To: Lane3 who wrote (6226)3/3/2009 12:19:06 PM
From: i-node  Respond to of 42652
 
I had three abdominal cat scans last summer. Had the results been available in the ER, I would not be glowing in the dark now.

That's a lot, but I'm not sure there are too many times in an ER where they're going to rely on a scan done days or weeks ago -- if you're there with some acute condition I would think they would need to see where things stand right now. Not that I would know anything about that, I'm just saying ... if I go to an ER with something that requires a CT I hope like hell they're not just going to look at one from last month and say, "Well, a month ago you didn't have anything wrong with you ... "
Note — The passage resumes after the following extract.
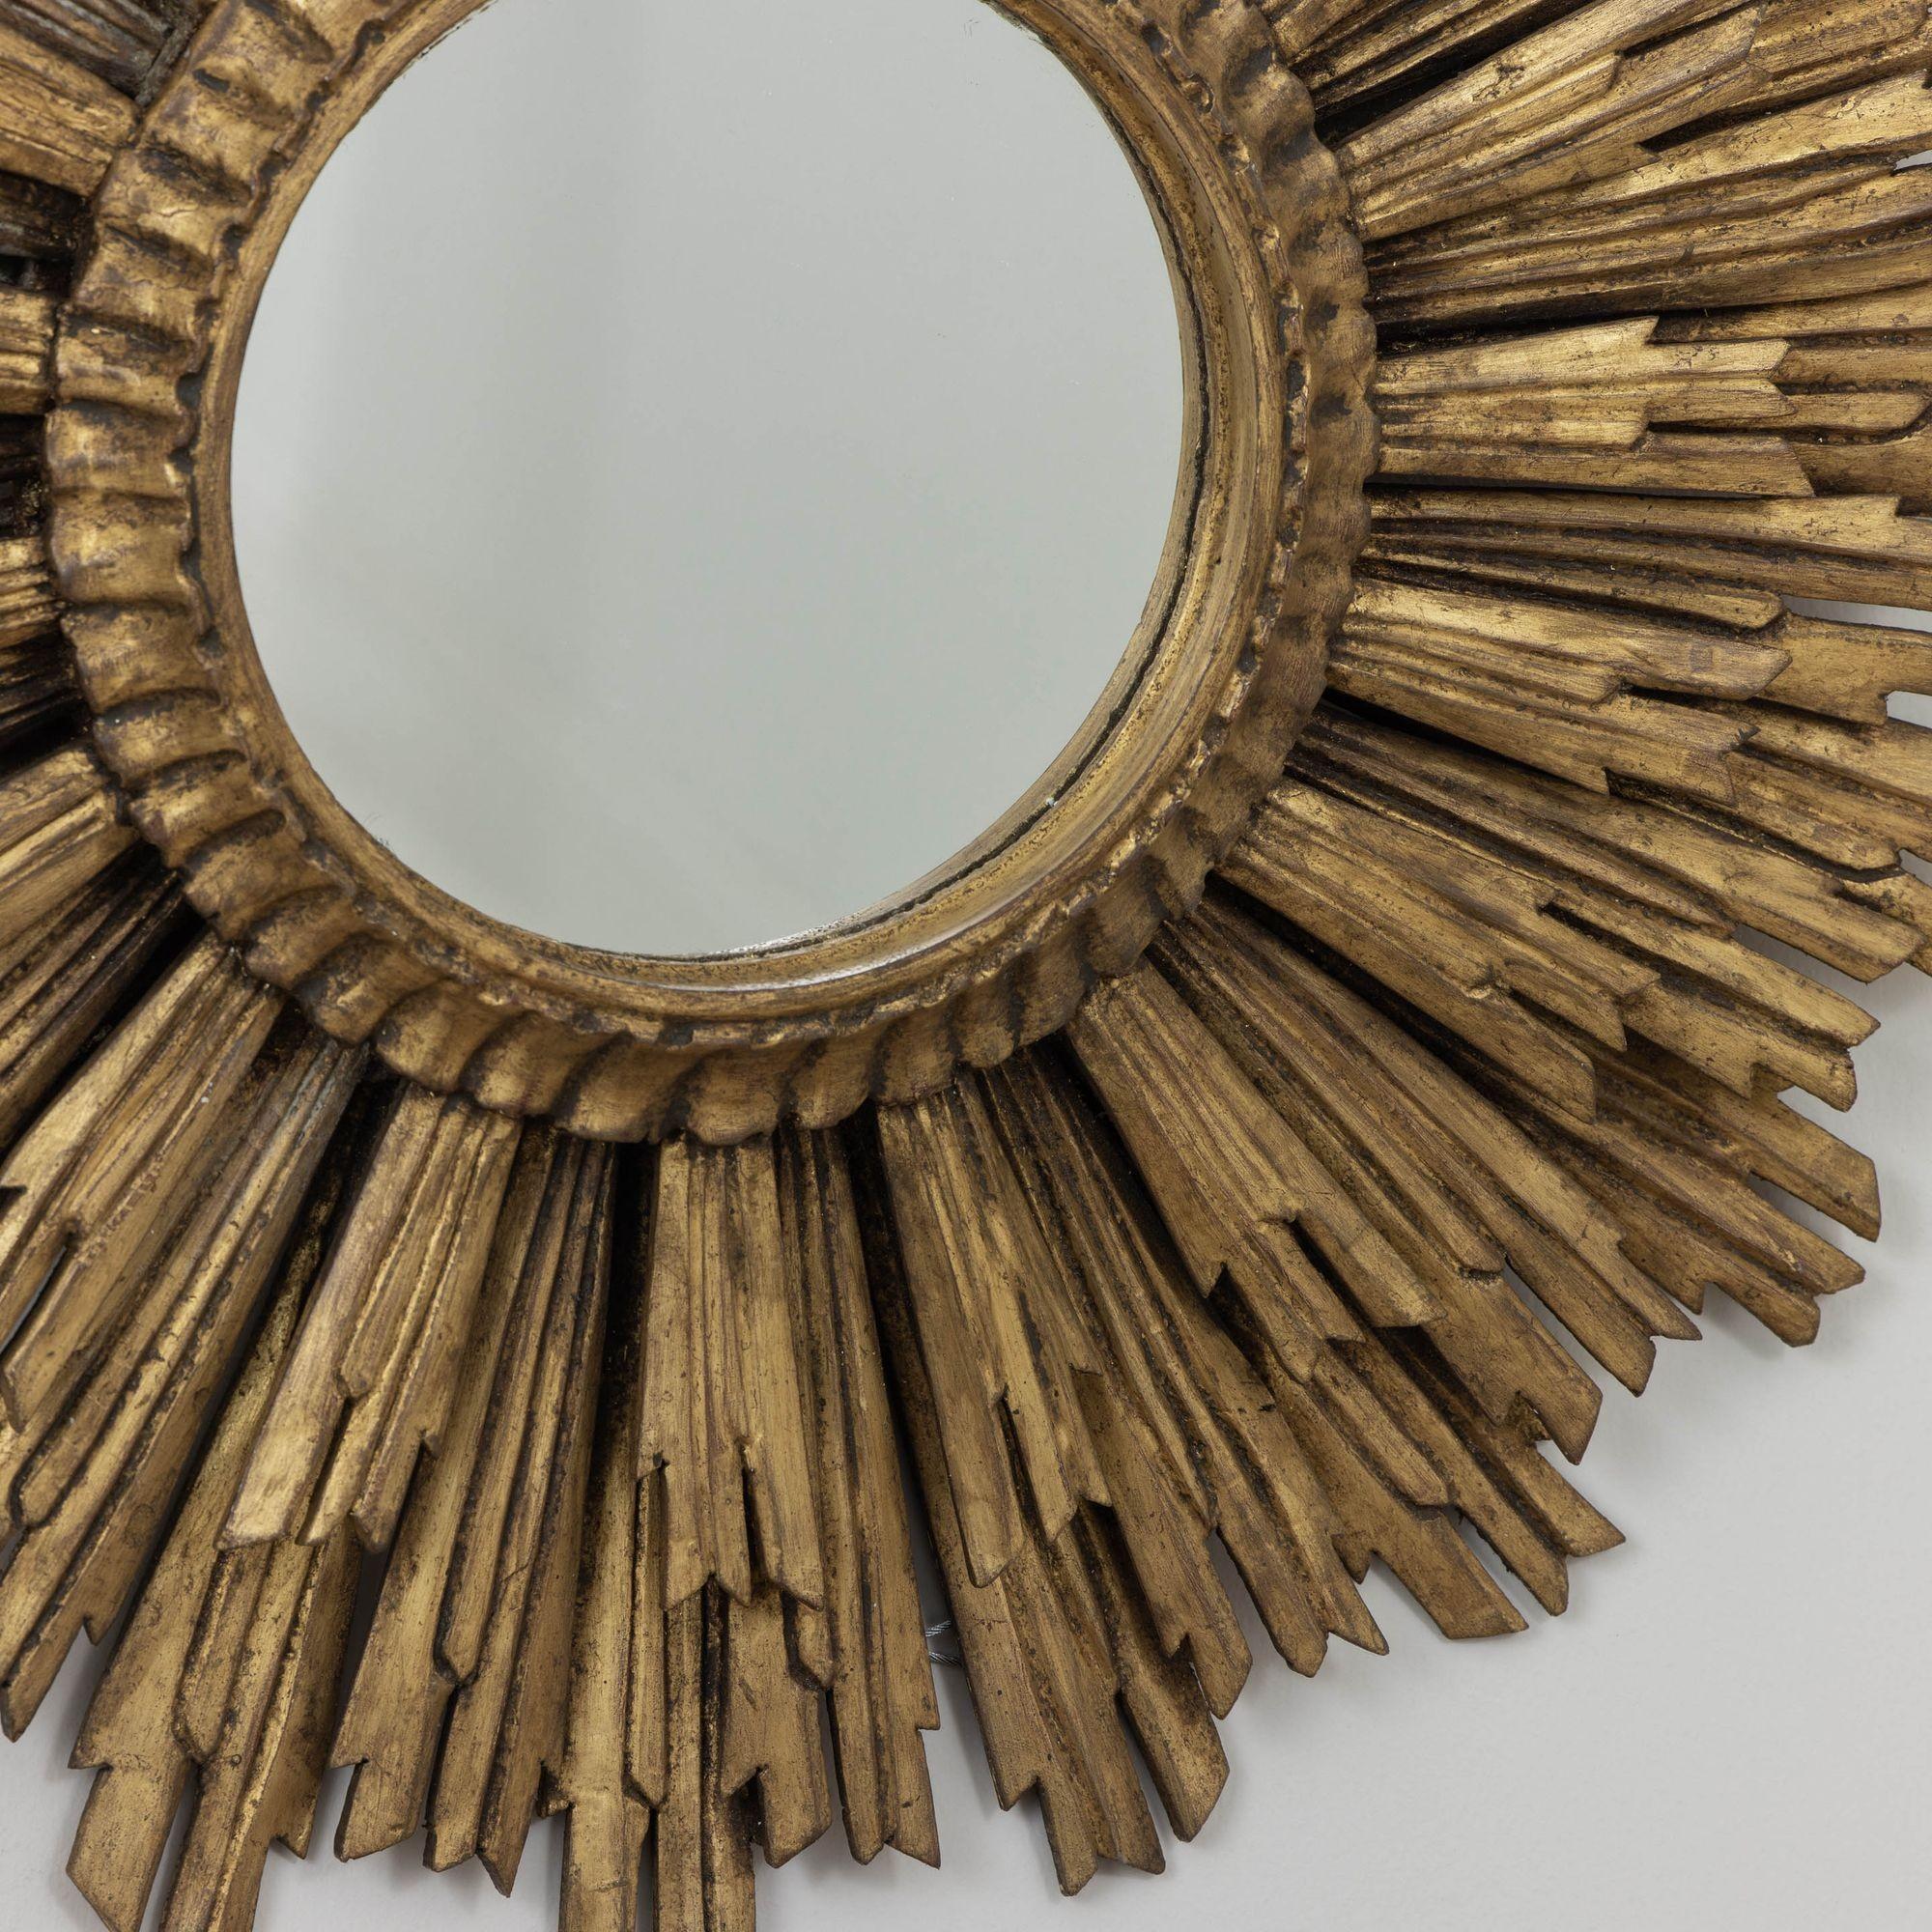 Large Early -Mid 20th c. French Art Deco Giltwood Sunburst Mirror For Sale 1

We support an urgent care facility that sees about 90-100 pts a day and keeping up with charts is a huge problem. One reason is they see a large number of pts one time and that's it, so the sheer volume of charts is huge. And when one gets misfiled it can be very hard to find it again.

Like with anything there are +s and -s. Overall you have to conclude that EMR is something that needs to happen just because of the sheer volume of data.

But it needs to happen along a well-planned time frame that is phased in VERY gradually, not rammed down the industry's throat over the course of a few years. That's really my complaint with the current game plan.

And it needs to be for the correct reason. I think the quality of patient care is the big one. The idea that it is going to save many billions of dollars seems tenuous at best. Before you can start saving you have to offset the cost of implementation and ongoing support costs, which are going to be huge.